With the pictures left out, copy the listing below exactly.

▸ Given data
————

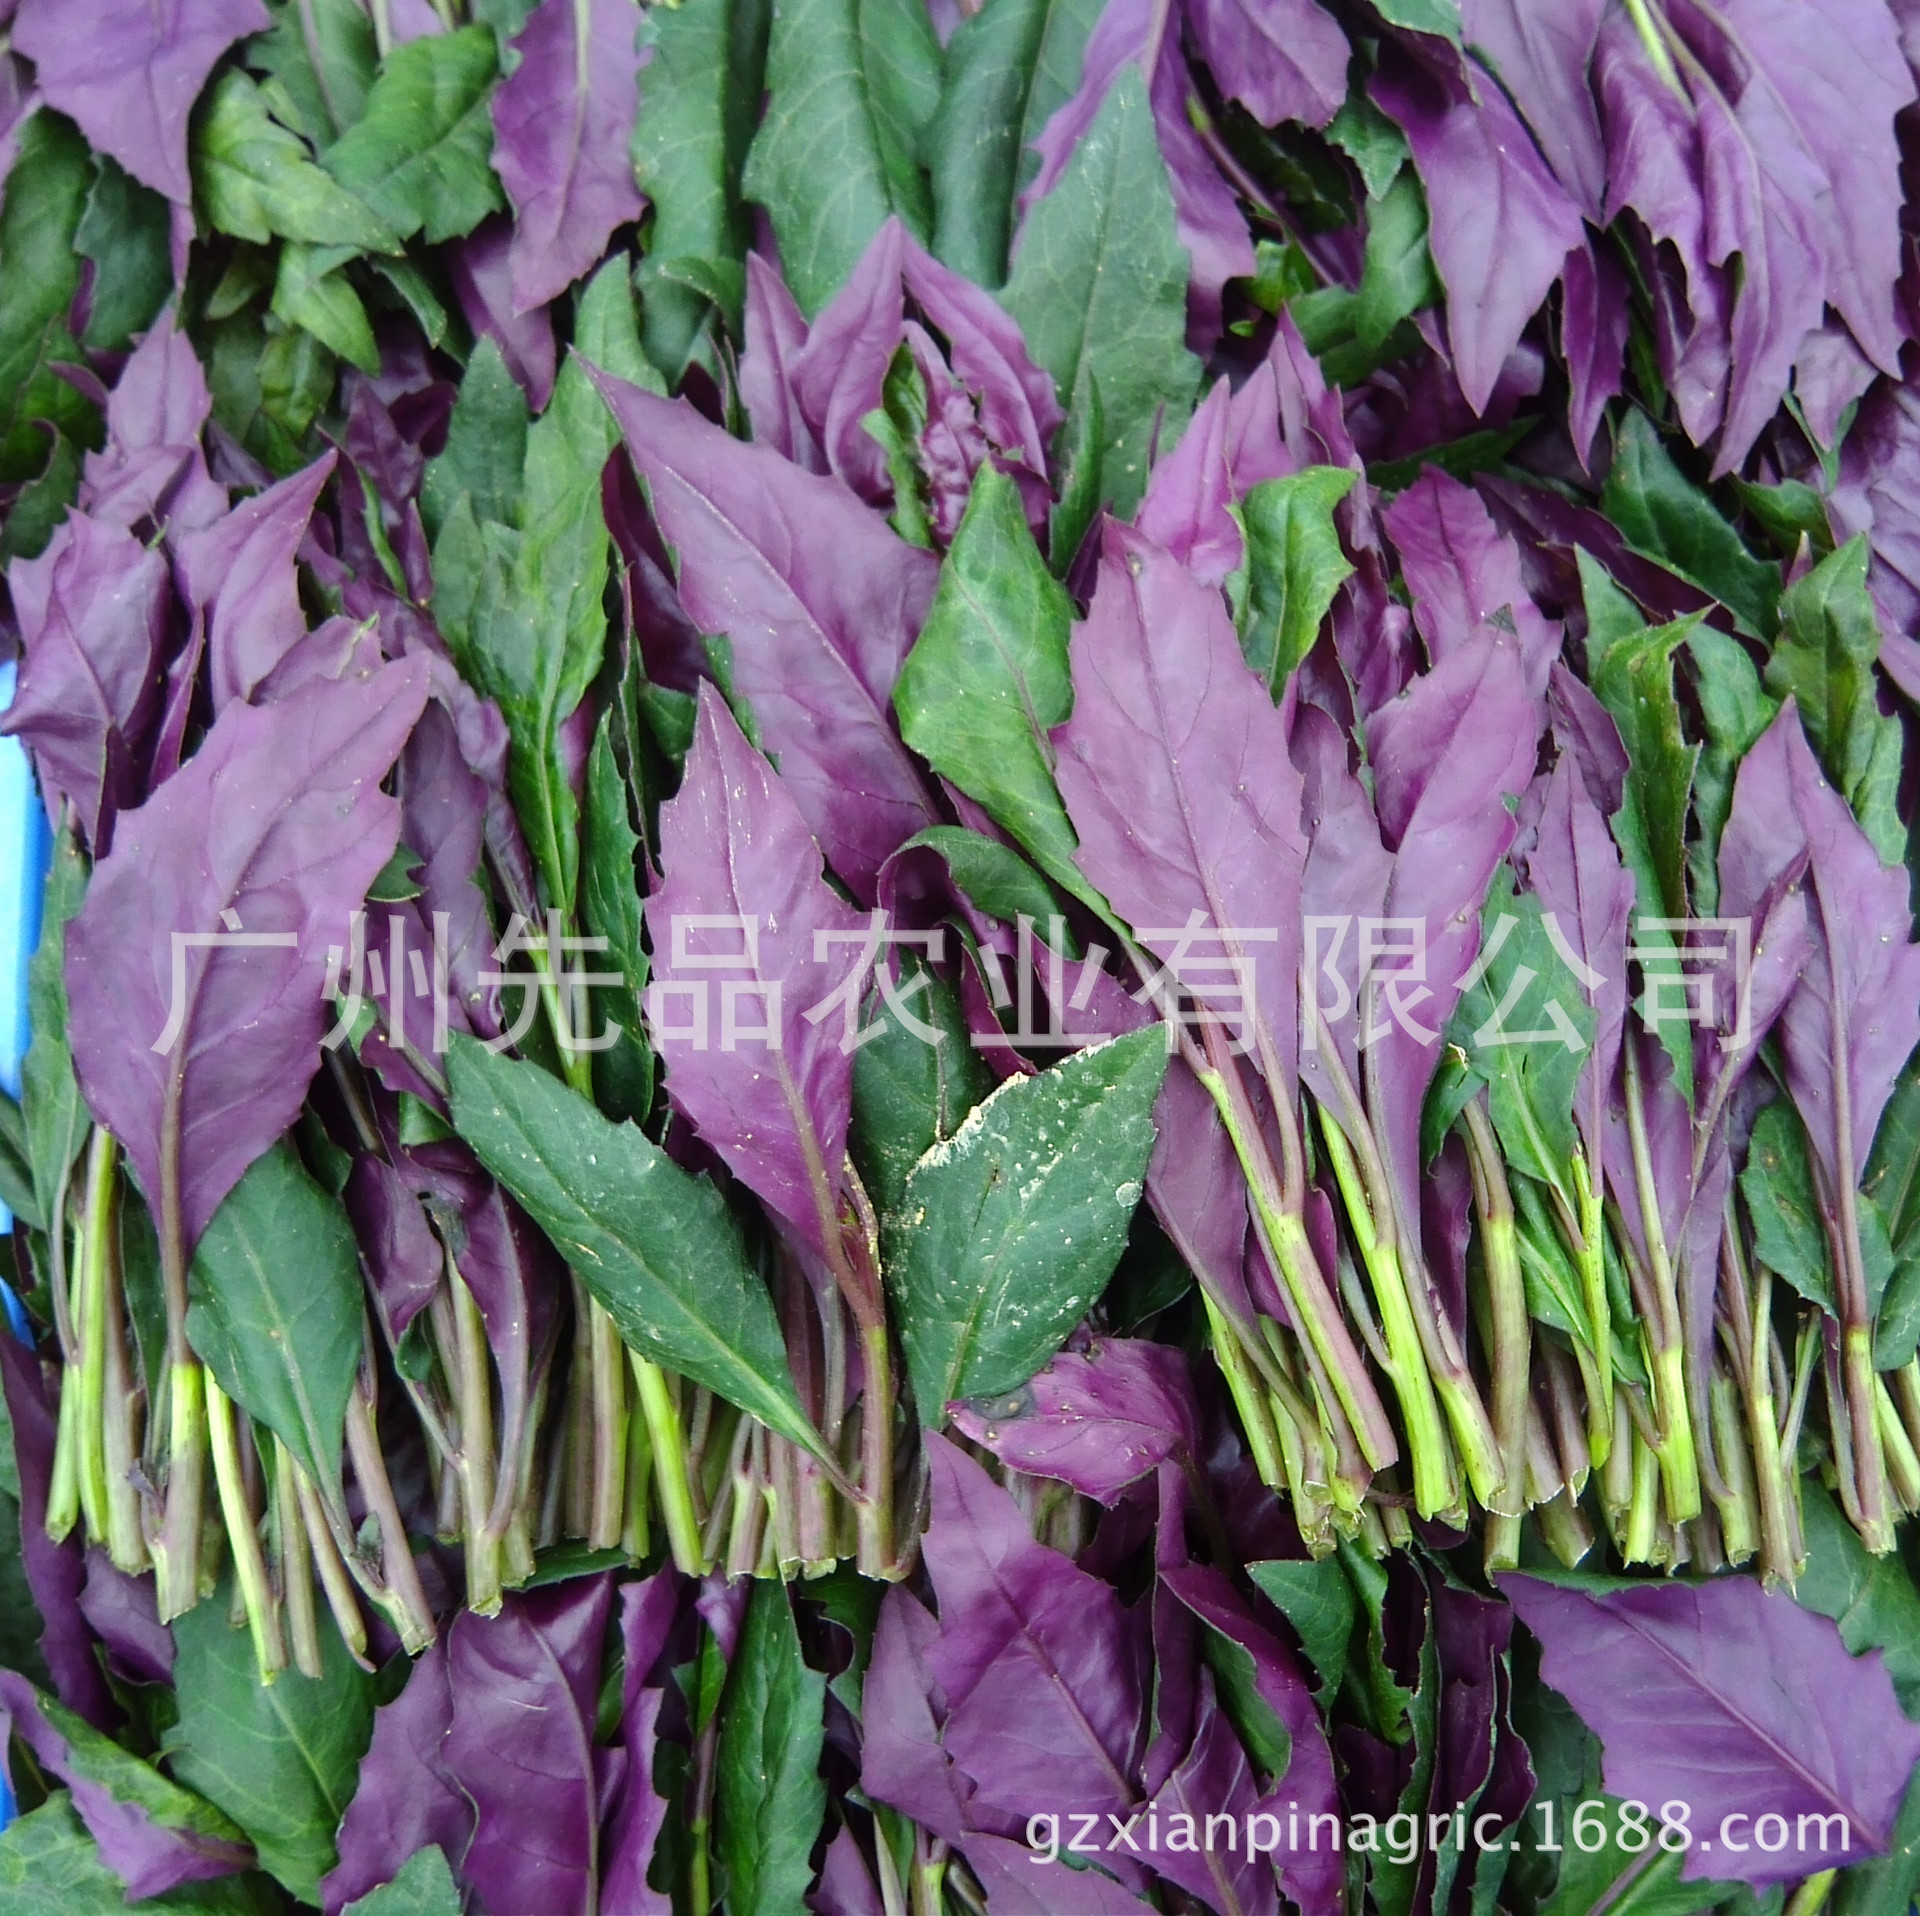 无公害 社区配送 野生蔬菜【紫背菜(400克/包)
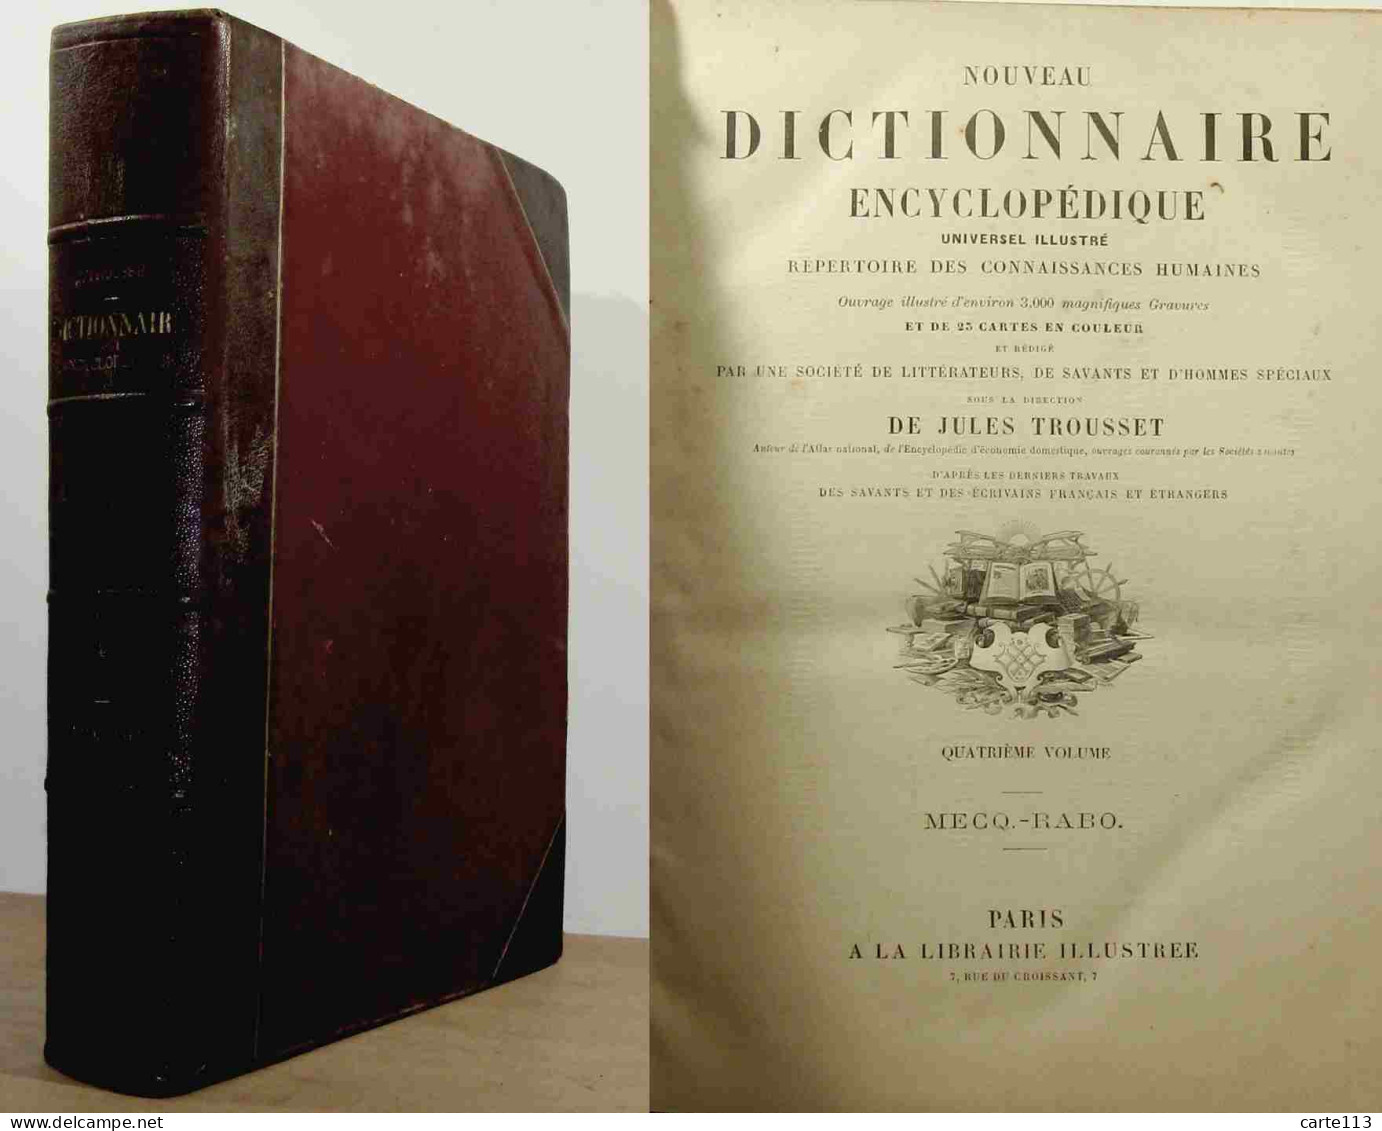 TROUSSET Jules - NOUVEAU DICTIONNAIRE ENCYCLOPEDIQUE UNIVERSEL ILLUSTRE - VOLUME 4 - M - 1801-1900
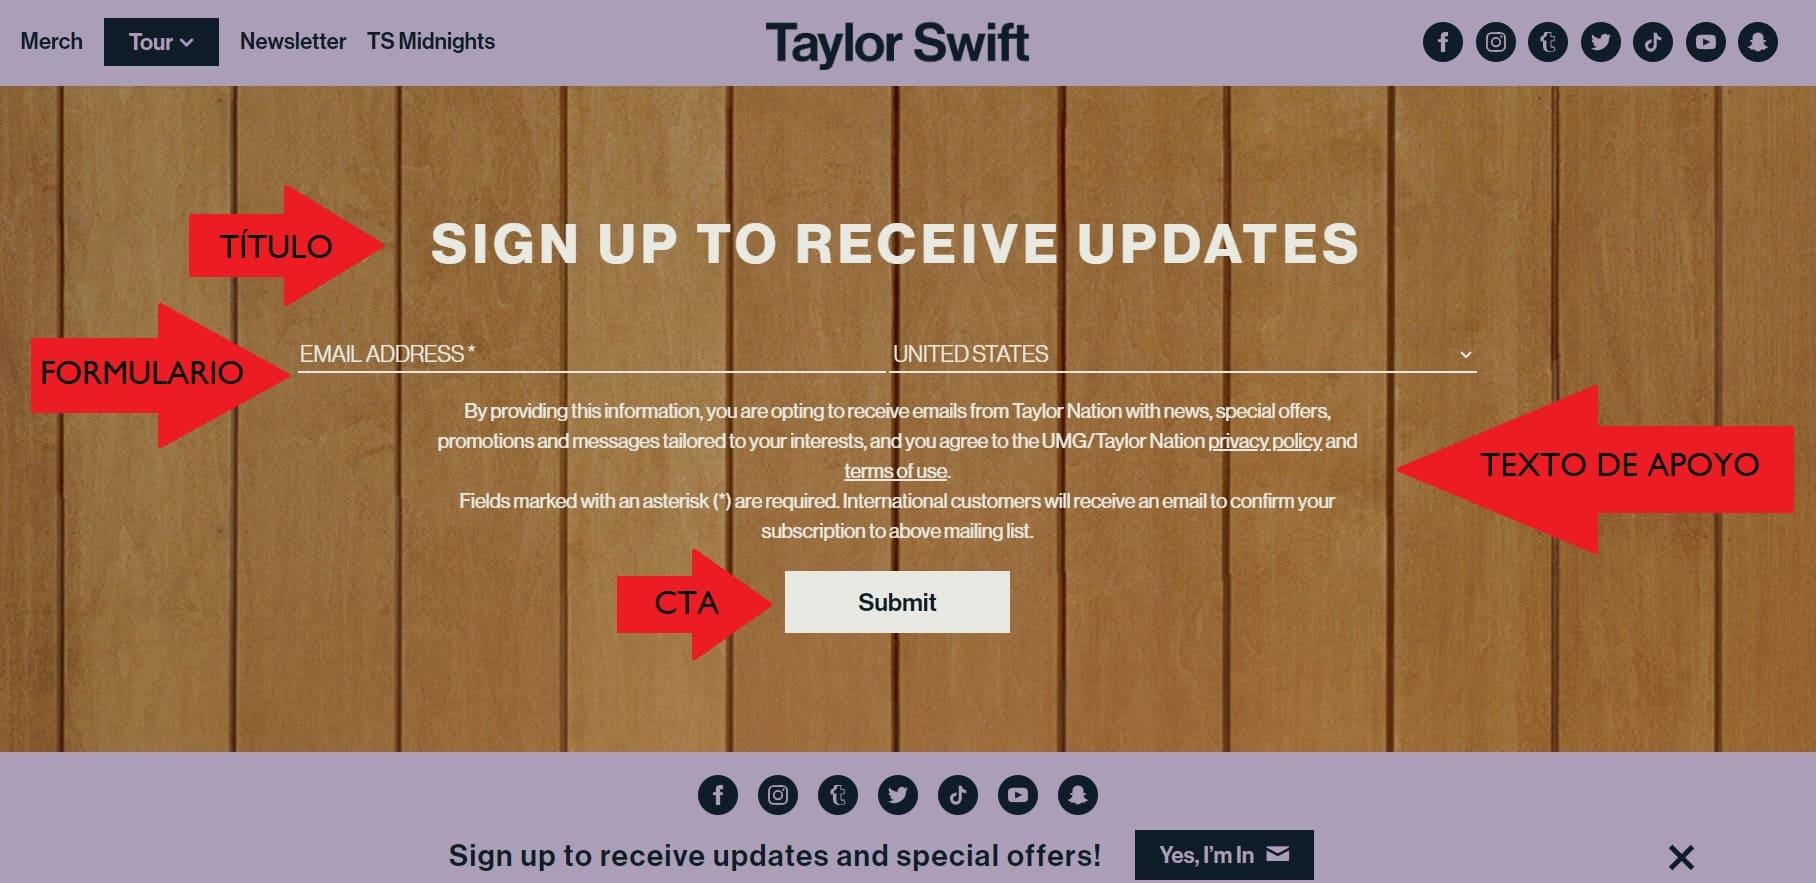 Captura de pantalla de la squeeze page en el sitio de la cantante Taylor Swift

————

▸ Answer to this task
 无公害 社区配送 野生蔬菜【紫背菜(400克/包)
 TROUSSET Jules - NOUVEAU DICTIONNAIRE ENCYCLOPEDIQUE UNIVERSEL ILLUSTRE - VOLUME 4 - M - 1801-1900
 Captura de pantalla de la squeeze page en el sitio de la cantante Taylor Swift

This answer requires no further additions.